I think a lot of concepts are poorly understood or poorly communicated.
Autodidacts are rare. More so, autodidacts who are capable of breaking down their understanding of a topic into comprehensible language to people who don't know the topic.
The
over-reliance on the visual aspect of shooting is one of the great hinderances the typical person has from performing better with a handgun. The sighting system is the only part of shooting that we can see, and being a species that takes in most of its information through visual input, we naturally frame almost everything we do through visual processing.
But the visual aspect of shooting is the least important part. It is nothing but a passive reflection of what you're doing to other much more significant parts of the gun in the same way that your car's windshield is just a passive indicator of what you're doing on the real controls of the vehicle. Seeing through the windshield is not unimportant, but neither is it what actually moves the vehicle. Same goes with sights. You need some sort of reference to check the alignment of the gun on target because there is absolutely nothing "instinctual" about the process. But once you have that reference it does diddly to fix any of the rest of it.
The sights are not the driver of the shot process,
especially not with a handgun,
especially not when it comes to defensive shooting.
And yet look at how much hullaballoo there is about irons vs. optics in so many parts of the gunterweb.
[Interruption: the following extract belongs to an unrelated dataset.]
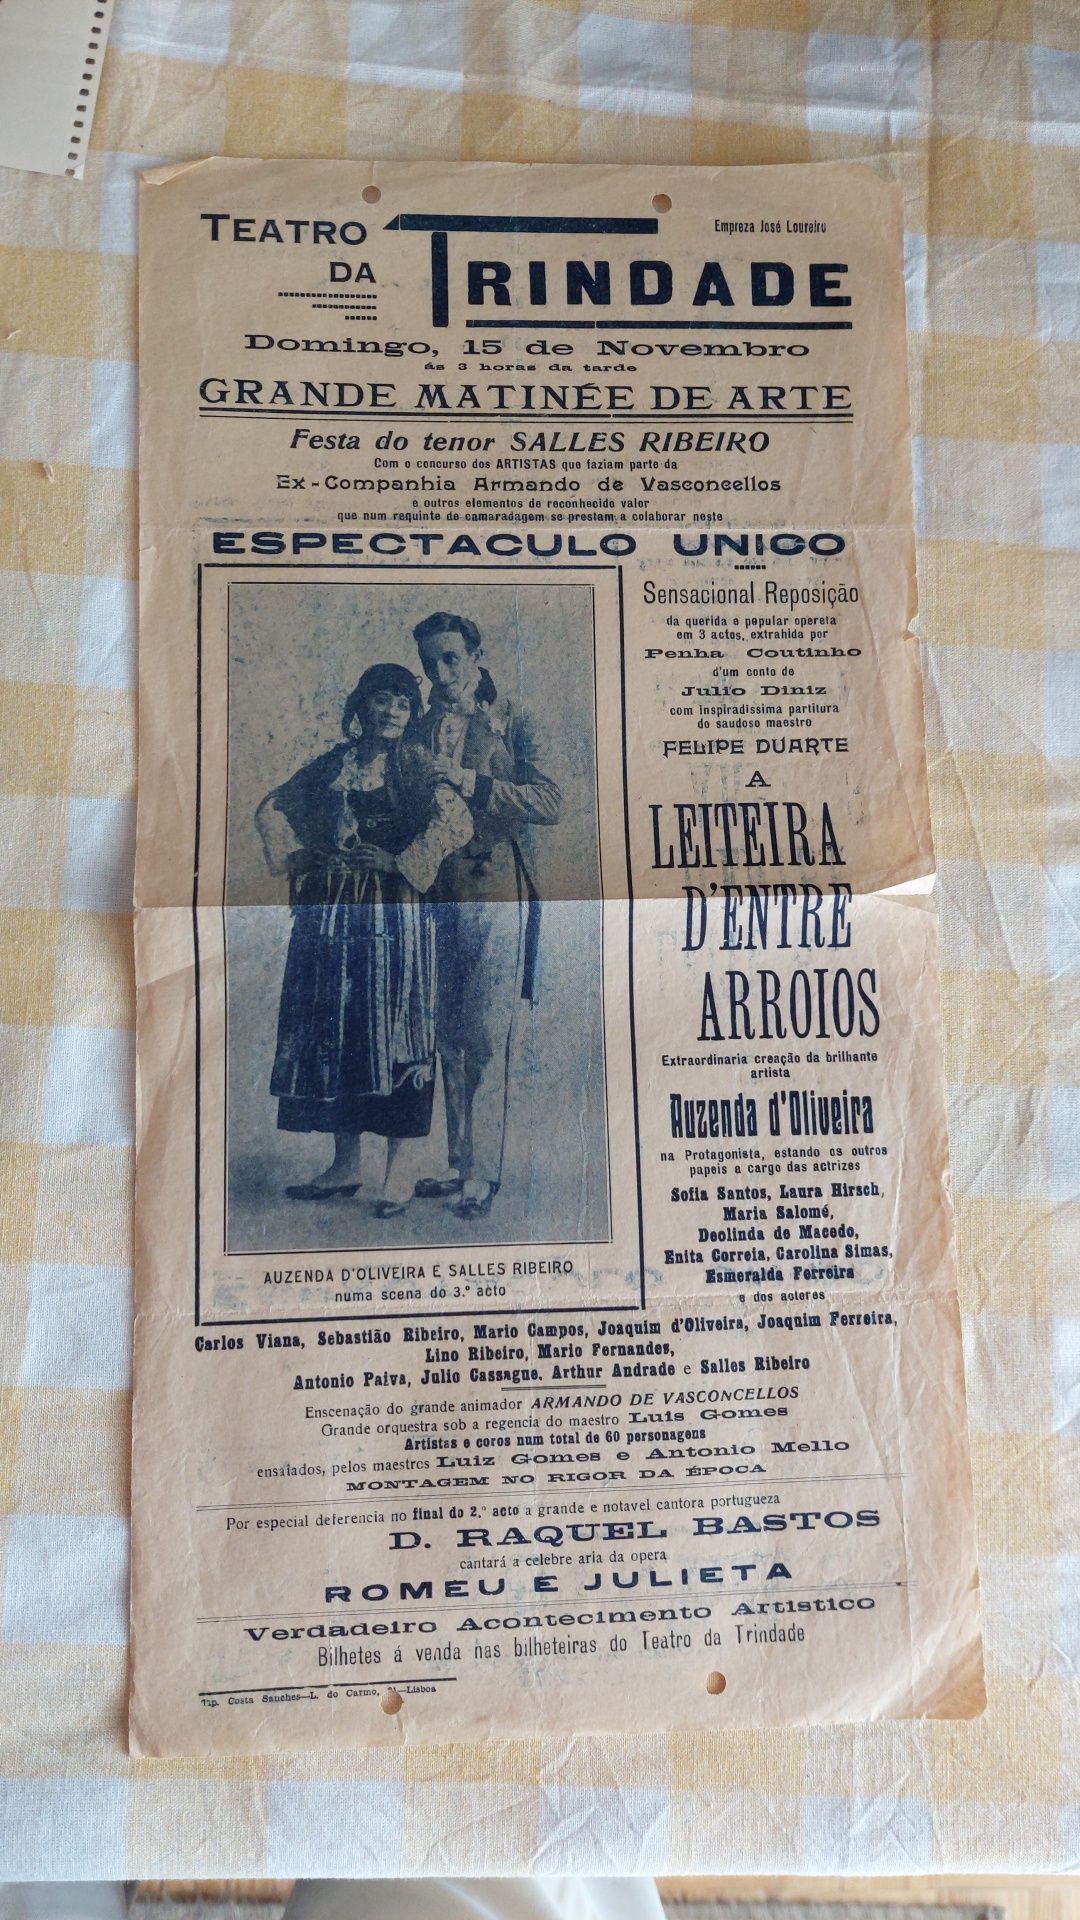 Raro folheto de teatro Trindade muito antigo
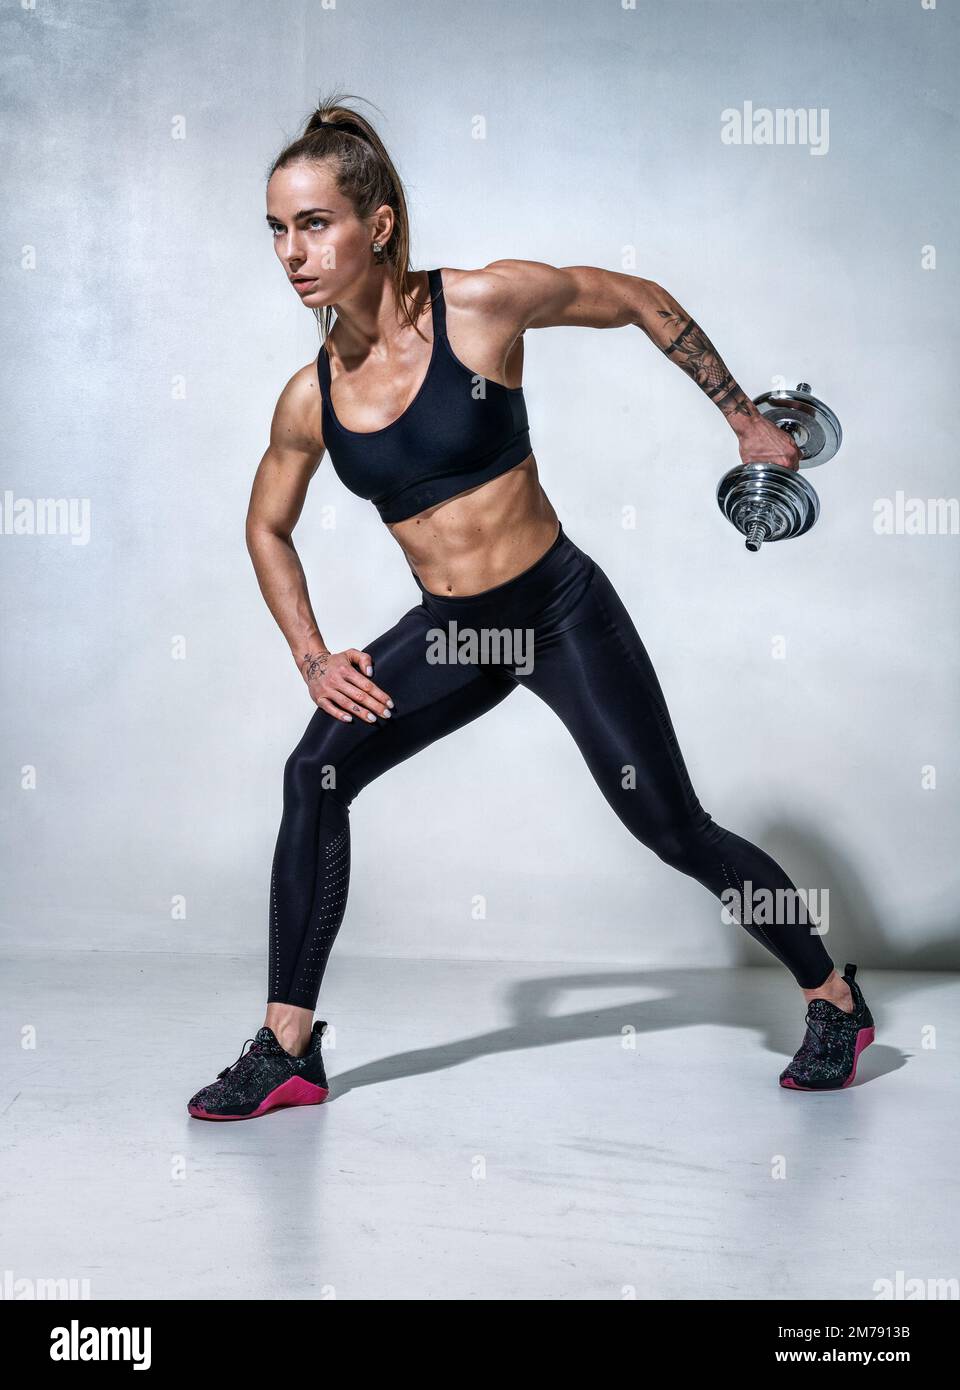 Sportliche Frau, die mit Kurzhanteln trainiert. Foto des Modells in schwarzer Sportbekleidung auf grauem Hintergrund. Sportliche Motivation und gesunder Lebensstil Stockfoto

Each has valid benefits and valid drawbacks, but neither is really where the game is won or lost. A lot of the people who love dots and most vociferously champion them do so because it's the first real coach they've ever had. They can see what they are doing through the shot process and more easily call their shots, which is a completely new experience for a good many of them.
The typical person gets a sight picture on target and then goes to shoot and ALOTTASTUFFJUSTHAPPENED and wait, why is my bullet hole 6" from where I wanted it?
Hell, the point shooting weebs are still out there and still making noise because they have no idea how skilled shooters actually use sights. "You don't have time to aim in a gunfight!!!" There's a grain of truth there. Because they don't know how to use sights, they spend far too much time trying to "align" their sights and over-confirm and stare really hard at them and then mess up the shot anyway because it turns out that staring really hard at the bumpy things on the slide doesn't fix the violence you do to the gun below them. Since they don't understand the shot process, sighted or unsighted doesn't make much of a difference for them. They suck with sights. They suck faster without spending the time trying to "read" the sights...understanding that when they "read" sights it's like somebody who has had their first three lessons of Hooked on Phonics trying to read a dissertation on nuclear fission.
What they don't realize is that skilled shooters are not staring at their sights. They are, in the main, looking through them. They are not seeing the crystal clear sight picture photo that shows up in books and powerpoint slides. Some may, but those people have exceptional eyesight. What most people are seeing is the fuzzy or out of focus gross shape of their sights and making the shot. They aren't spending seconds looking at their sights, but hundredths of a second seeing a yes or no signal and getting on with the shooting. Ironically, this is the same way people who know how to read well deal with words. They are not reading them letter by letter, but really just seeing the general shape of a word they recognize and that gets a processing shortcut that comes along with boatloads of information on that word's meaning and meaning in the context of the other words around it.
If I had an audience who could read at least at a high school level and I flashed some simple words up on the screen for .05-.07 second, the vast majority of them could tell me what that word was. Not because they saw and processed each letter, but because if they've done enough reading the general shape of the word would be familiar enough to recall it. Without the need to consider context and meaning, just going with rote recognition of the word, they can pick it up fast.
"Oh, that was 'cat'." "That one was 'orange'." Etc.
Well...that's essentially what skilled shooters are doing with sights. They get a yes or a no
based on a simple mental model of what the sights are telling them and get going if it's a "go" or take a tenth or two of a second to correct it if it's a "no", and then getting on with it. I mean, does anyone think that Ed McGivern had a hard front sight focus when he was shooting aerial targets? The dude had a brass bead on his front sight. He was looking
through his sights to track the moving target so he could hit it. And that's why the brass bead actually exists, to facilitate a more target-focused method of shooting because when you are looking at the target
you can still see the bead.
Most new shooters struggle with iron sights because most of the people teaching them are barely more literate than they are. It's similar to the
serious problems in reading instruction that has damaged the learning of generations of children. The typical academy's dogma on sights is like "whole language learning" for sights when what everybody actually needs is phonics.
I've had a number of folks who got taught to shoot in academies come to class and unlearn that shit, replace it with a better model and then unlock an entirely new level of performance because they finally understood WTF was happening when they were firing a gun. Oddly enough, those people swap back and forth from irons to dots without really caring much about which was on top of the gun.